In this study, the word recall ability (immediate and delayed word recall tests) and word memorization (vocabulary test) tests were administered to assess school-related skills including word knowledge and verbal concept formation. While the number sequence ability (number series test) and mathematical calculation abilities (mathematics test) tests were conducted to evaluate the ability to obtain, process, and retain mathematical information.

Covariates

We included covariates at the adolescents, parents, and household levels measured in 2014 according to previous research (Wang and Veugelers, 2008; Zhou et al., 2019). The characteristics of adolescents included age (continuous variable) and gender (female vs. male), and the characteristics of the parents included maternal and paternal ages (continuous variables), education levels (years of education, continuous variable), and employment status (have a job vs. have no job). Among the characteristics of the households were urban–rural location (urban vs. rural), household per capita income (continuous variable), and family size (continuous variable).

Statistical analysis

First, Kolmogorov–Smirnov tests were used to test the distribution of the continuous variables. All the continuous variables were found to be non-normally distributed. Therefore, each continuous variable was reported as a median with a range of interquartile range (IQR). Numbers and percentages (%) were used to express categorical variables.

Second, an analysis of the association between self-esteem and cognitive performance was conducted using the generalized linear model. Unadjusted and adjusted models were developed. In the adjusted model, covariates related to adolescents’ characteristics (age and gender), parents’ characteristics (maternal and paternal ages, maternal and paternal education levels, maternal and paternal employment status), and household characteristics (urban–rural location, household per capita income, and family size) were included. Moreover, variance inflation factors were calculated for each variable to determine whether the generalized linear models were collinear.

Third, we used a smoothing plot to depict the association between self-esteem and cognitive performance, adjusting for potential confounders. Using corresponding modules, threshold effects of confounding factors were also assessed.

In addition, we conducted a series of sensitivity analyses to ensure that the results were robust.
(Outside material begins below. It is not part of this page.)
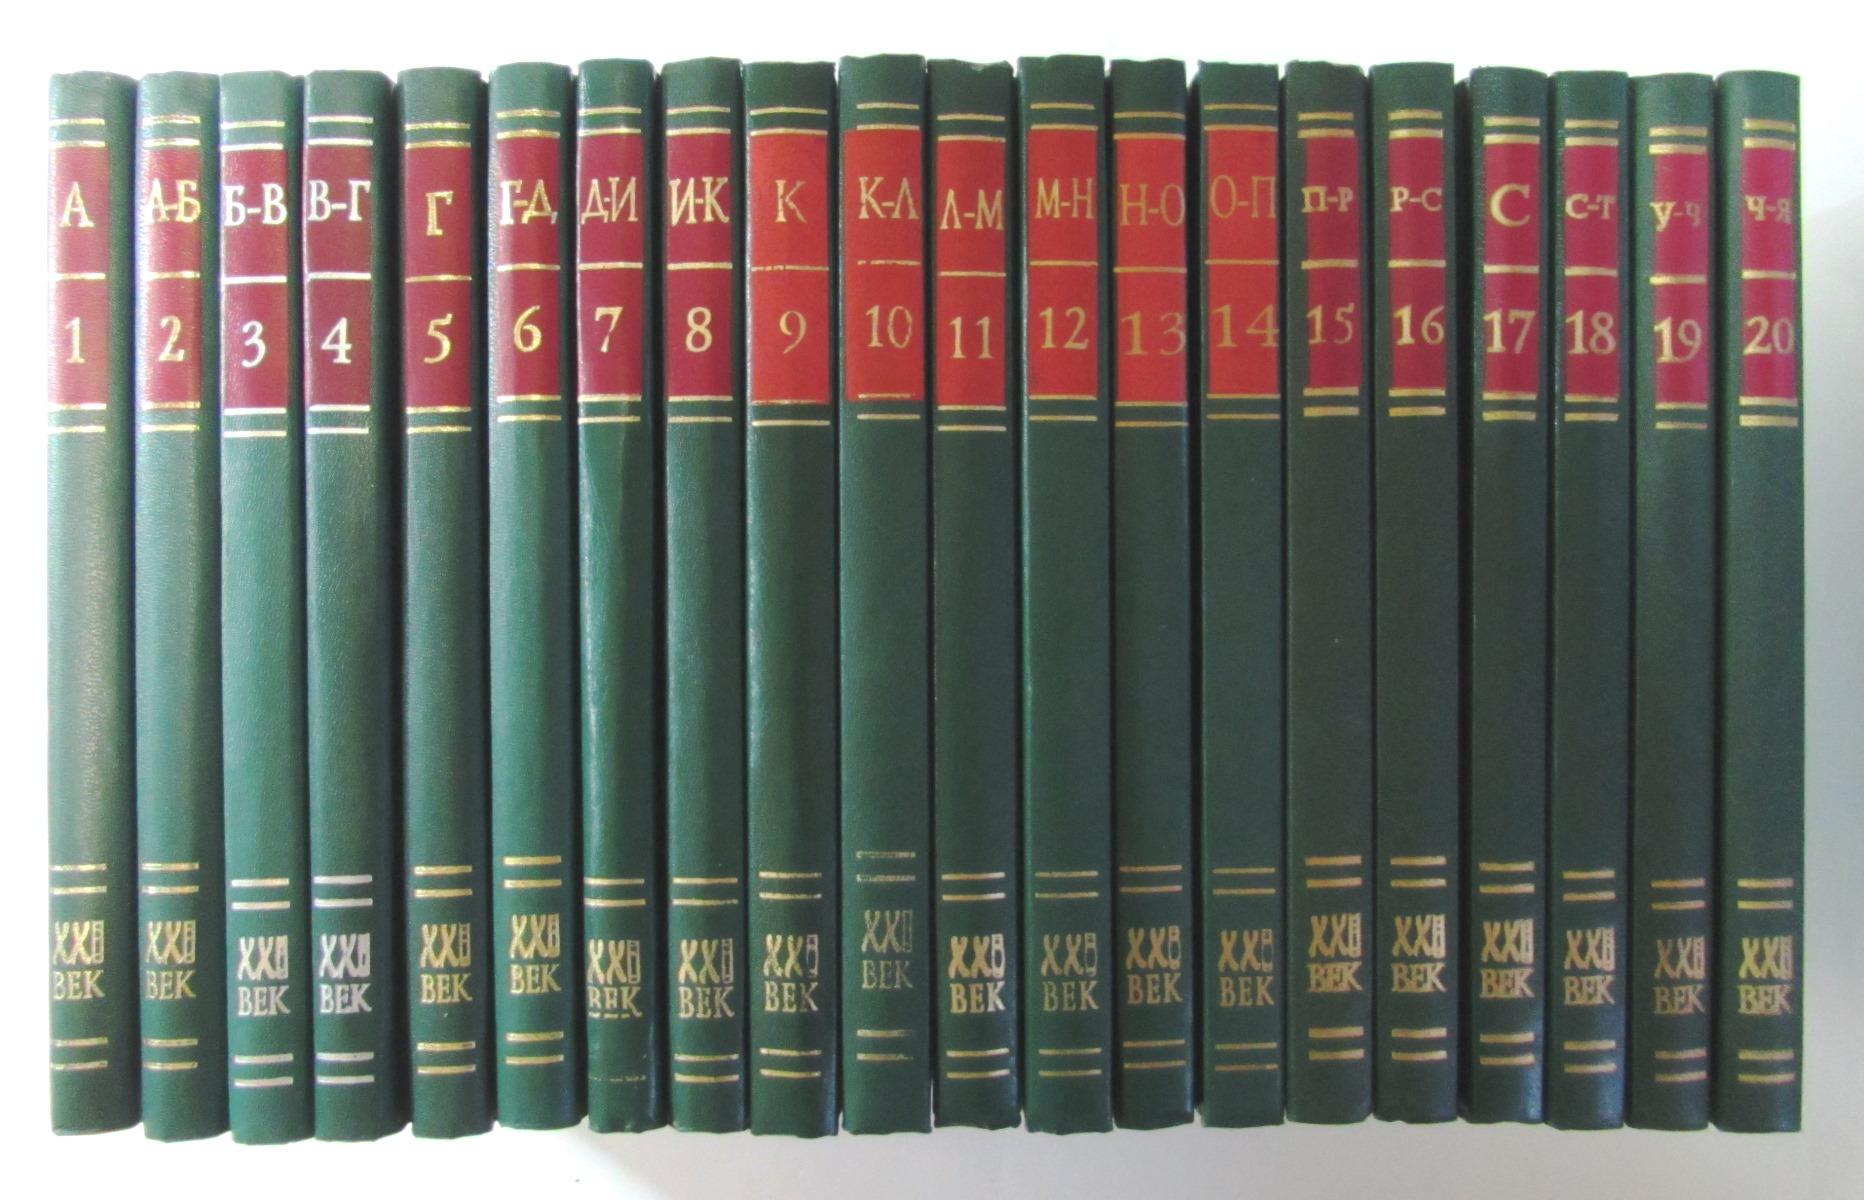 Энциклопедия книжного клуба XXI век (комплект из 20 книг) математическая энциклопедия комплект из 5 книг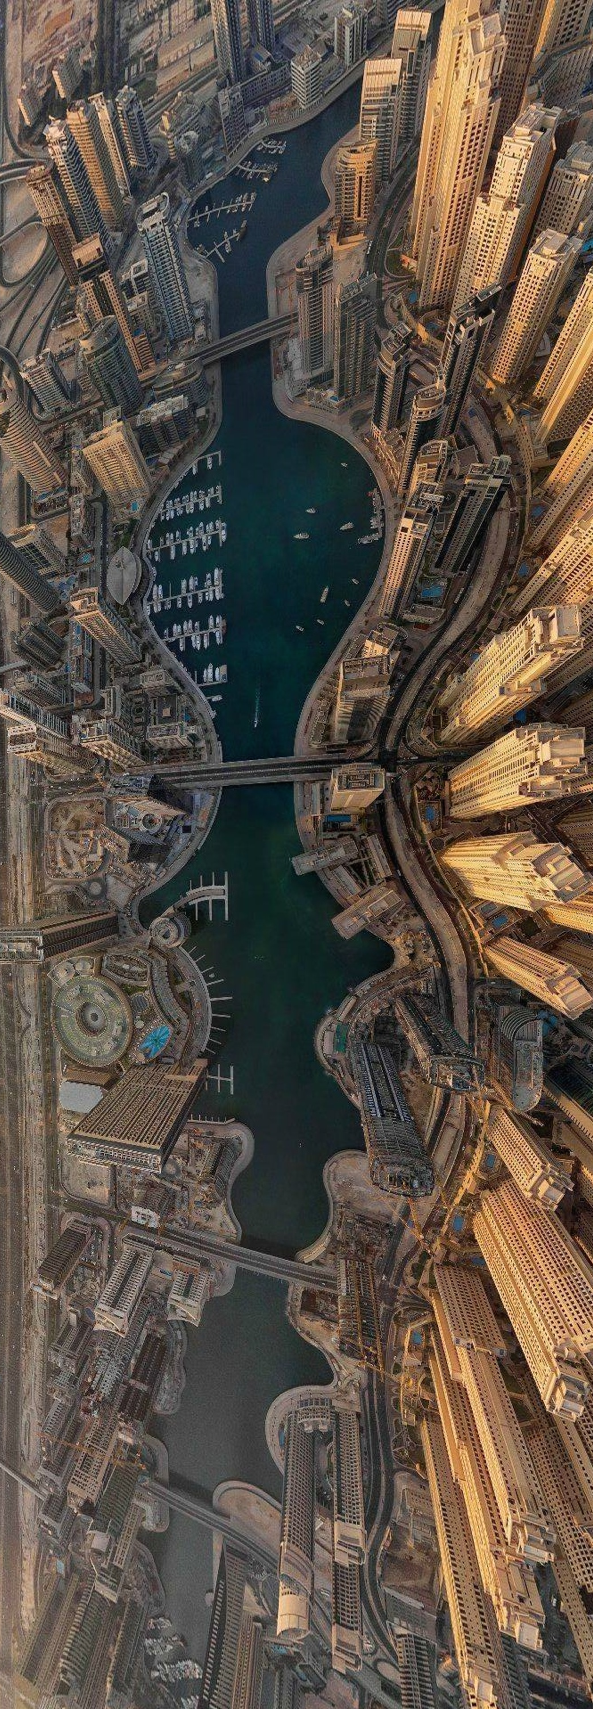 Dubai UAE u003eu003e httpwwwdubaicitycompanycom Hello Followers hope

First, we calculated the p for interaction by stratifying covariates among different subgroups and observing the trend of regression coefficients. We further examined whether the existing missing variables led to bias in our findings by conducting a multiple-imputation analysis. Finally, we calculated E-values to examine the possibility of unmeasured confounders between self-esteem and cognitive performance (Haneuse et al., 2019).

p < 0.05 was used as the standard of statistical significance, and statistical tests were two-sided. Stata version 16.0 (StataCorp, College Station, TX, USA) was used for the main statistical analyses, while R version 3.6.0 (R Foundation for Statistical Computing, Vienna, Austria) was used in the creation of corresponding figures.

Results

Demographic characteristics

We measured the association of adolescents’ self-esteem in 2014 with cognitive performance in 2014, 2016, and 2018, respectively. In 2016, 848 of the 1,518 adolescents identified in the 2014 survey (55.66%) were followed up, and 1,013 (66.73%) of the 1,518 adolescents identified in the 2014 survey were followed up in 2018. In the survey of 2016 and 2018, data attrition was observed as a result of the following reasons, such as participant withdrawal, loss to follow-up, incomplete cognitive assessments, and instances where participants completed the survey but provided responses of “unknown” or “inapplicable” for the cognitive assessments. See Figure 1 and Table 1 for details.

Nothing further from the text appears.